In 1960, the old air separation plant was replaced by new liquid oxygen, nitrogen, argon and CO2 pumping systems. With this change, Indiana Oxygen began producing specialty gases (Spec Gas) and research laboratory-grade high purity blends.
In 1979, Walter “Wally” Brant II, Robert’s son, joined Indiana Oxygen, after graduating from Purdue and then serving seven years as a Navigator on a B-52 combat crew during the Vietnam War. Under Wally’s leadership, the Indiana Oxygen team fostered unparalleled growth to become the largest independent gas and welding supply company in Indiana.
As Indiana Oxygen grew, it began to open satellite branch stores, the first in Muncie in 1978. The increased demand for gas products required Indiana Oxygen to move again in 1991 to a new state-of-the-industry palletized cylinder fill plant on Indianapolis’ northwest side, located on I-465 near west 71st Street.

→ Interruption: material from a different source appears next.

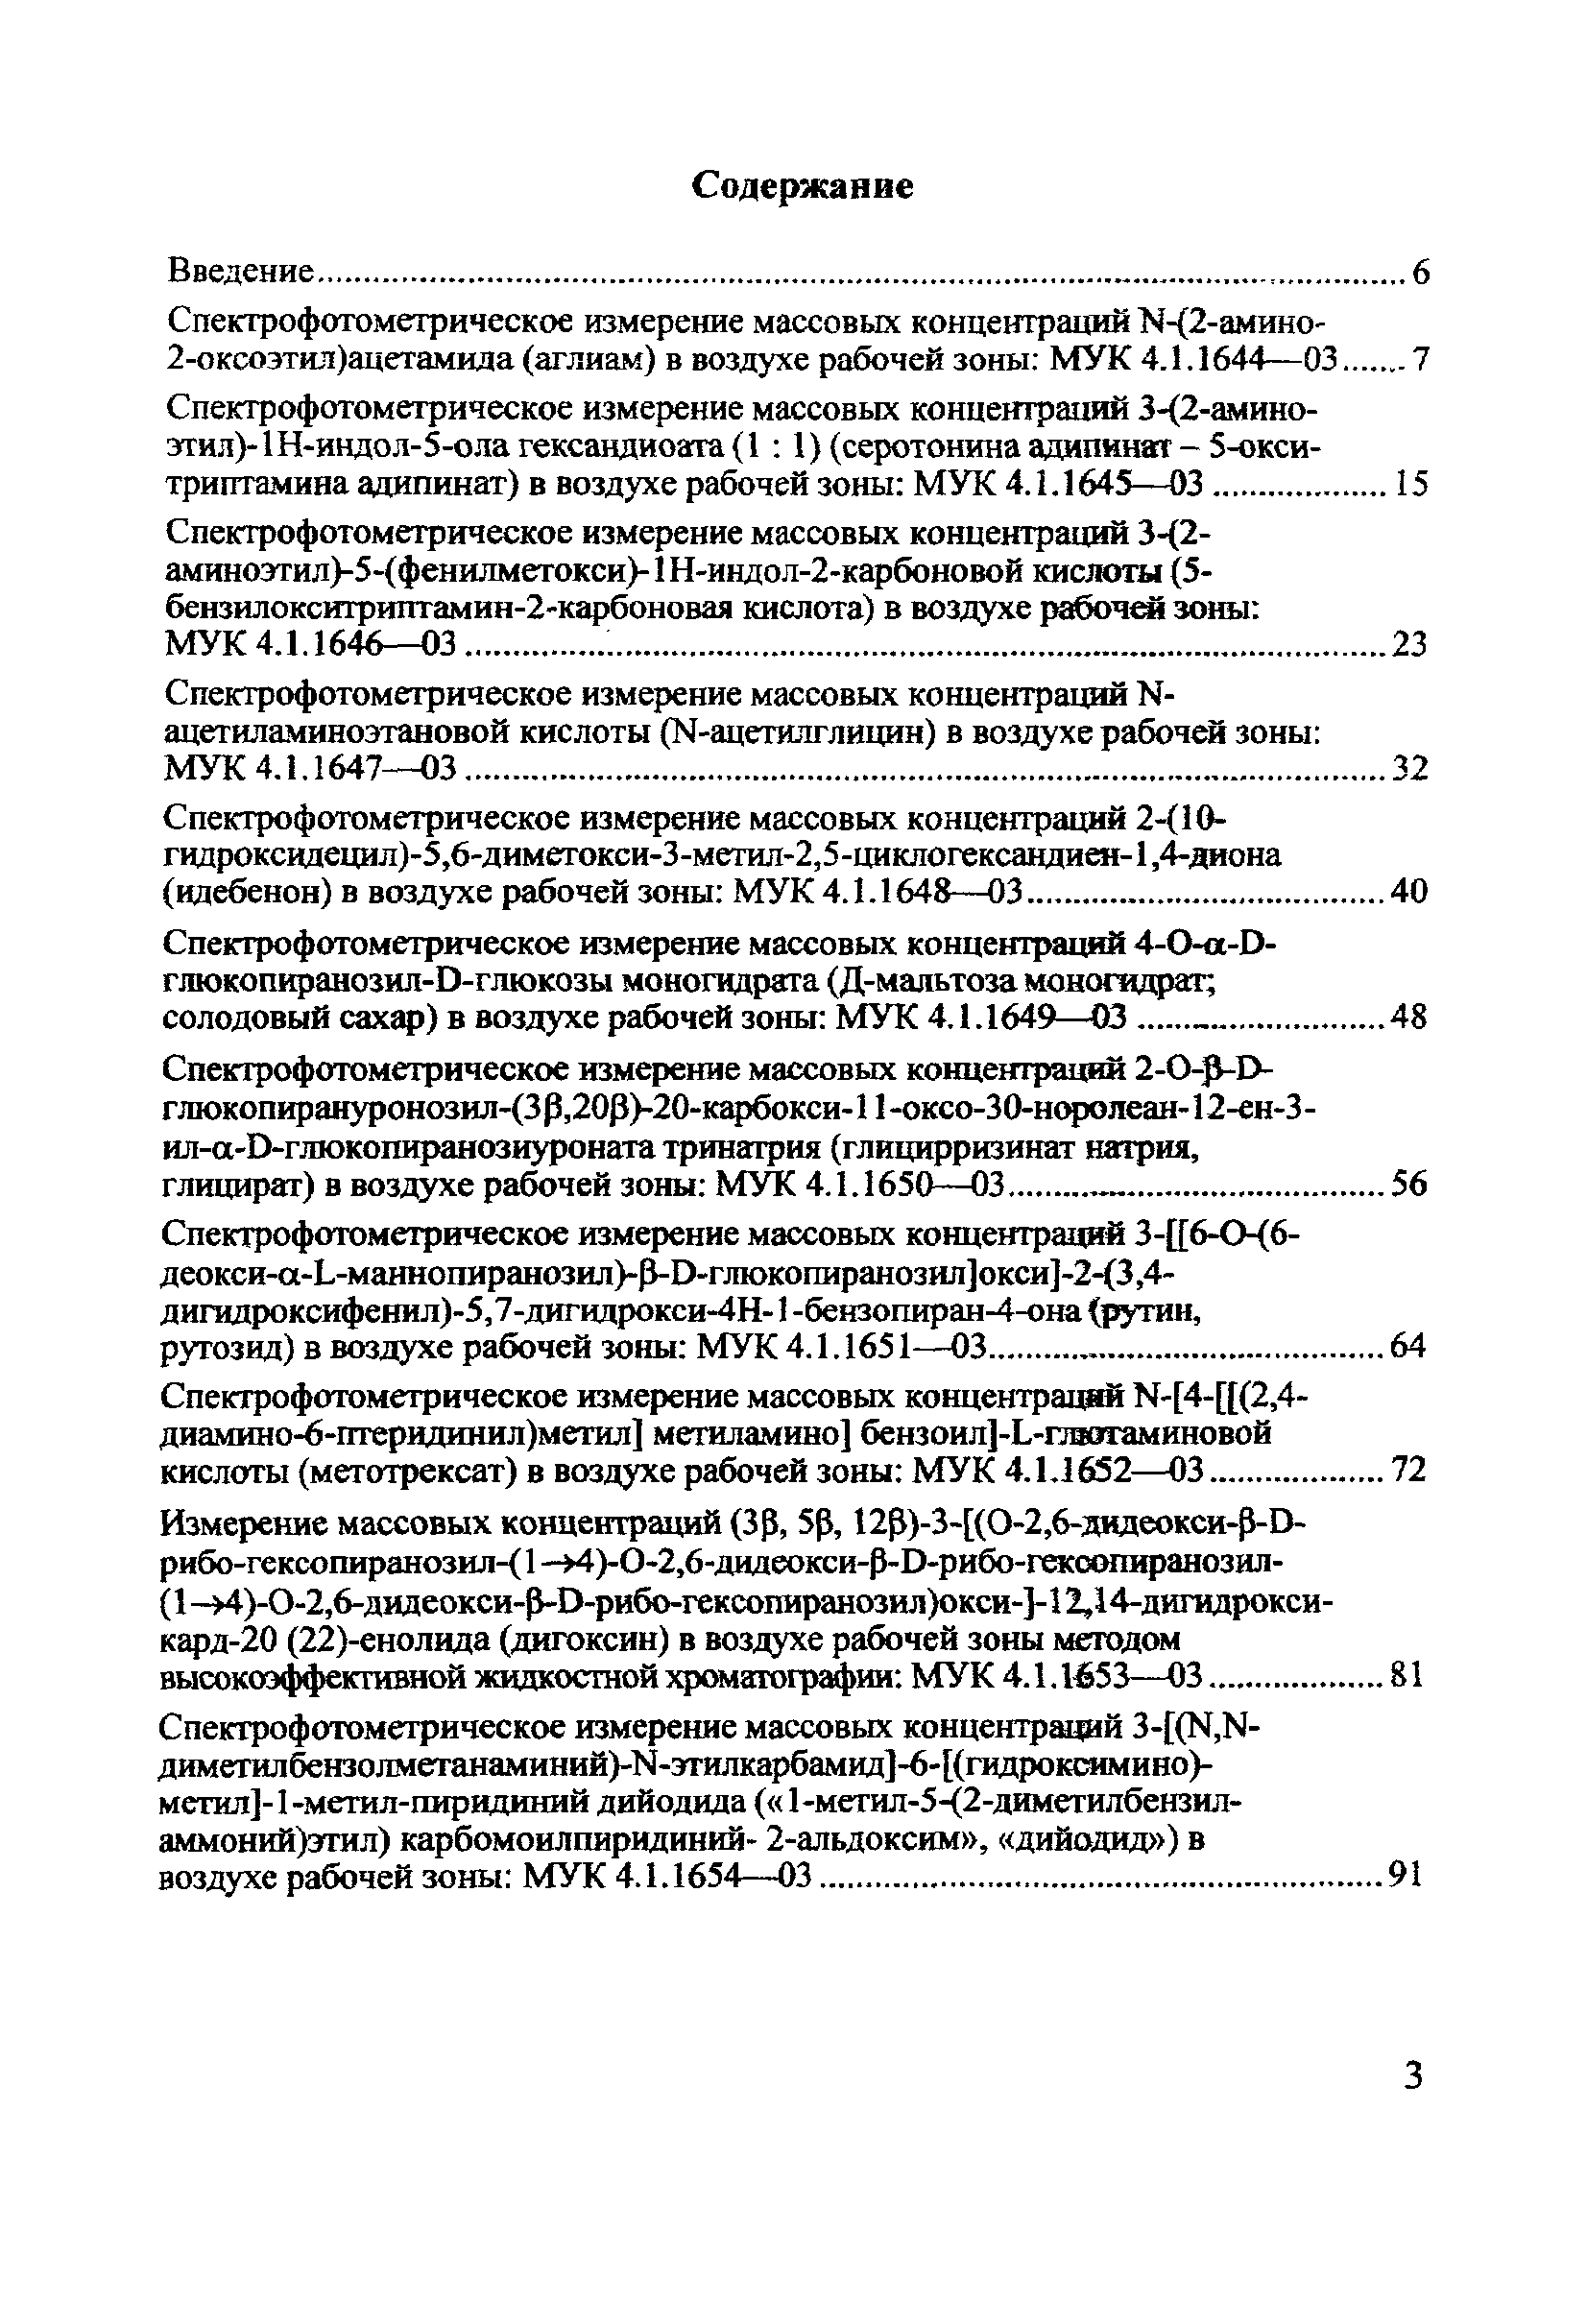 МУК 4.1.1670-03

Its automated fill operation enables the highest quality and production of any national company.
Today Indiana Oxygen has locations in Indianapolis, Lafayette, Muncie, Marion, Fishers, Bloomington, Cincinnati, Seymour, Vincennes, Elkhart and Beech Grove. Plus, Indiana Oxygen boasts one of the largest Internet sales divisions in the country!
The fourth generation of Brants – Anne Brant Hayes and Jay Brant – joined the family business in 2010. As an independent, family-owned, four-generation company, Indiana Oxygen is large enough to meet any demand, yet flexible to meet any immediate or custom need. And, through its affiliation with its most renowned purchasing consortium and the support of its key vendors, Indiana Oxygen is able to purchase in quantities sufficient to compete with any national chain and still pass cost savings to its customer-partners.
Today, the Brant Family continues to be involved in the communities in which it serves. Integrity and ethics have always guided Indiana Oxygen’s way of conducting business. Nobody has dedicated their lives, passion and focus to this business like the team of employees at Indiana Oxygen. With diverse experiences and perspectives, they’ve created a culture that delivers the best for generations to come.